September 2020 – Journey of an Evangelist

As business use-cases are changing very rapidly there are many data points which can be discussed before finalizing any particular database technologies. With this post I am going to highlight few data point which will may help any technologist in selecting databases specific to there use-cases.

1)COST : Before selecting any technology for your use-cases it is better to consider cost factor upfront. Don’t ignore this thing initially as it will be become of the deciding factor when me move ahead. Below mentioned are some of the data-point which can be used to evaluate cost factor related to any databases:

Open source or licensed database technology is needed?

Maintenance cost of this database technology?

Cost to scale current database server?

Does it provide trial version to do initial POC?

Short-term costs like subscription fees, per-use charges, and “hidden” which are buried in the product offering?

Support fees related to this database technology?

2)SLA: Service level agreement defines the level of service we expect from any database vendor.We have to first decide on Recovery Point Objective(RPO) and Recovery Time Objective(RTO) based on our business requirement.Once RPO and RTO are decided we can use below mentioned queries which help us decide database which are better suited to our requirement:

Availability support should be at-least 99.9%?

Durability support should be at-least 99.99%?

Onsite support business hours and procedures for off-hours support?

Maximum time taken by database technology provider to acknowledge any support ticket raised by team?

Does it provide multi node cluster support?

Does it have any disaster recovery solution?

Time taken to restore any customer data from a backup?

3)Third Party Support:One important aspect before selecting any technology is its compatibility with respect to various third party which comes into picture like Operating Systems, Data Format and Cloud adaptability. Below mentioned data point will highlight some important third party questionnaire’s related to database technology.

Multi Operating Support with respect to Linux,Windows etc is required?

Should be supported by Key Cloud Vendors like AWS ,GOOGLE or Microsoft?

SQL language support is needed?

Supported programming languages will be java,C,C++,Python?

Support of XML,JSON,SPATIAL and unstructured data is needed?

Does it support any third party integration?

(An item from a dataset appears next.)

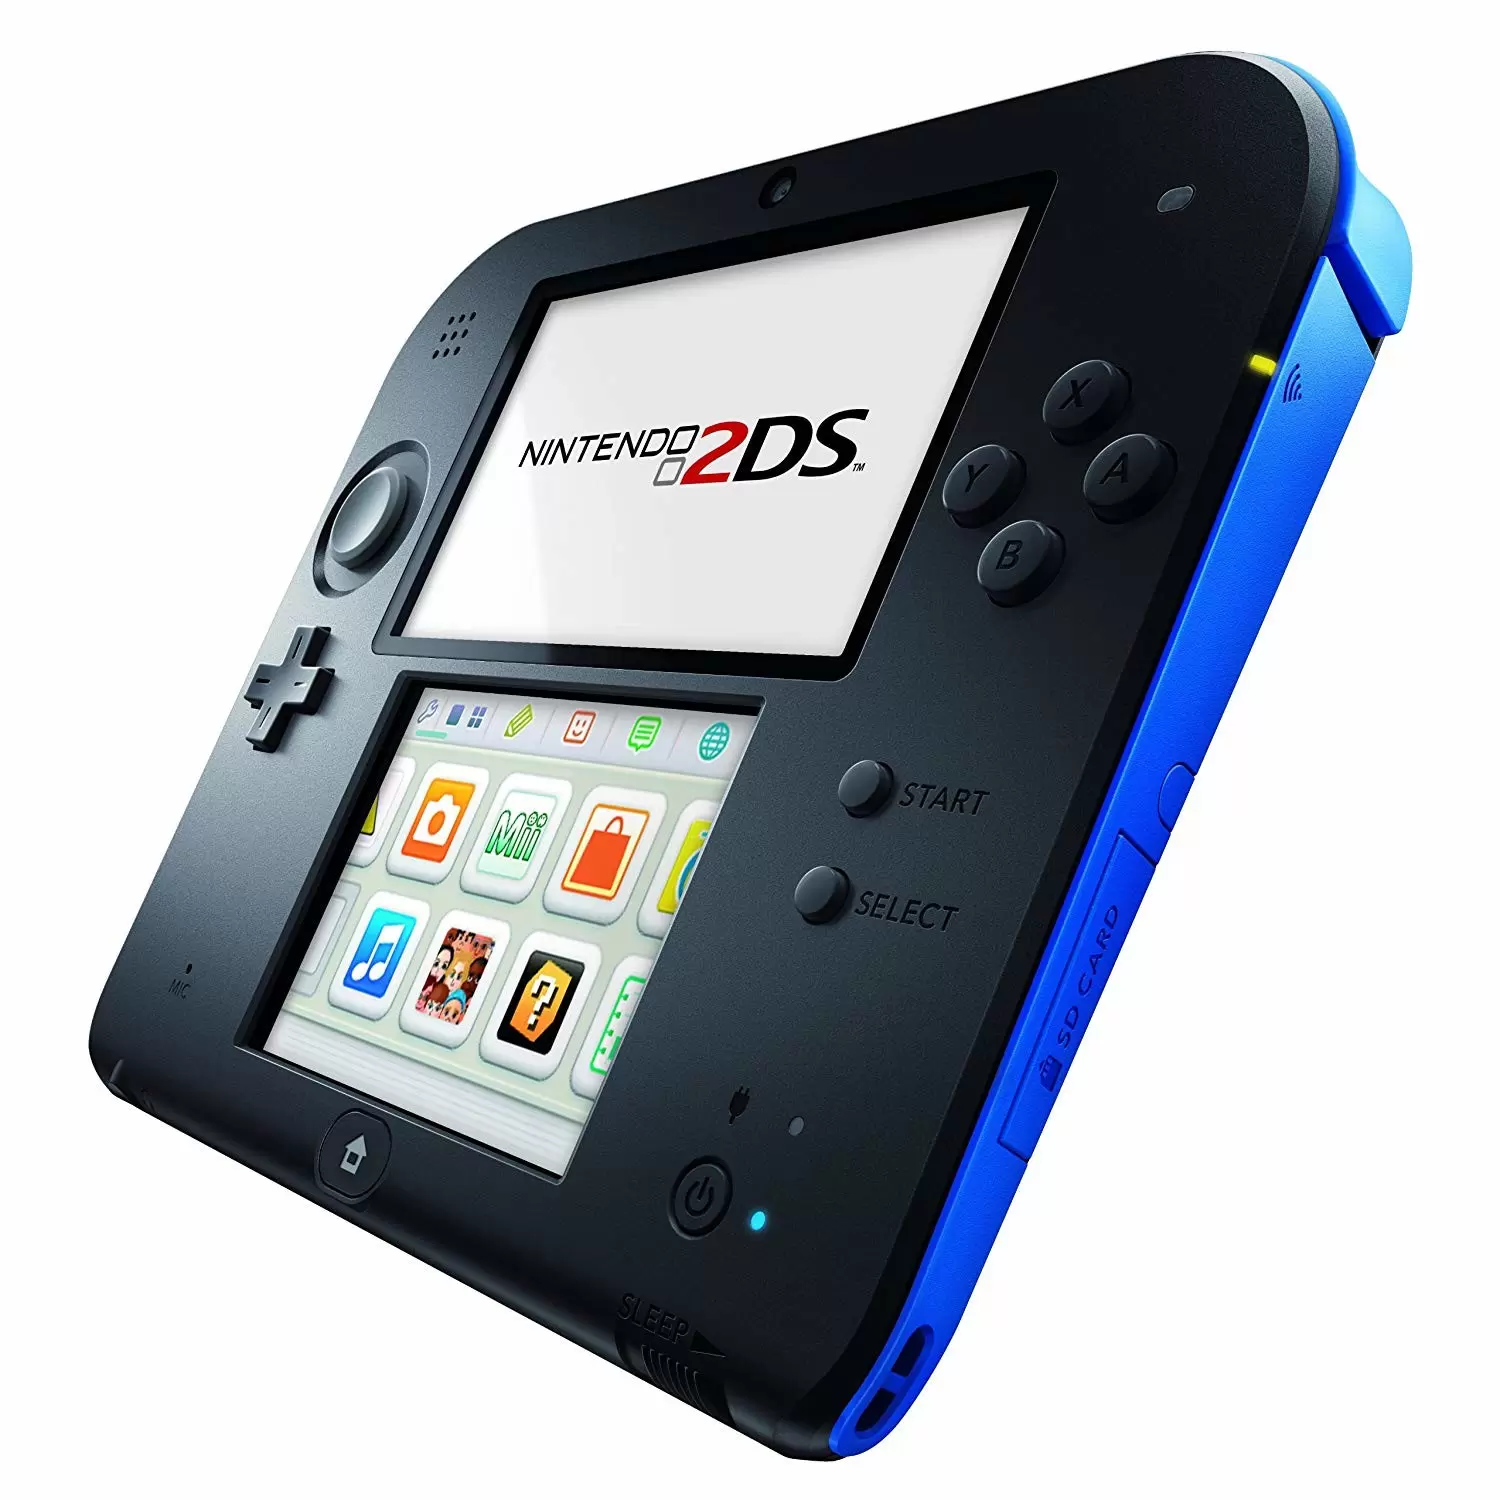 Matériel Nintendo 2DS - Nintendo 2DS noir / bleu

4)Data Model:This defines how logical structure of database is modeled. It is the one of the important aspect look by developer/architect before selecting any databases as per business requirement. Below mentioned data point will help in selecting desired database based on its data modeling capabilities:

Schema less design is required?

ACID support is needed?

Limited Query Pattern is needed?

No complex queries, stored procedures, or views are present?

Normalization is required with respect to database?

Every table should include a Timestamp column in order to manage concurrent access by multiple users if optimistic locking is enabled?

Logical data independence support is required or not?

Physical data independence support is required or not?

Easy or hard is it to adapt or extend the underlying data model?

Level of functional dependency between different schema objects?

Single Huge table model is required?

Create read update and Delete operation support is needed?

Degree of the relationships between different entities?

Multi-table relational database is needed?

5)Performance:There may be many specific features present in different database technology which can improve performance of database which in turn convert to better user experience while accessing the application.Below mentioned are some of the parameter which should be taken into consideration while selecting desired databases:

Partitioning of data can be done?

Replication method to be used will be Master-Master or Master-Slave?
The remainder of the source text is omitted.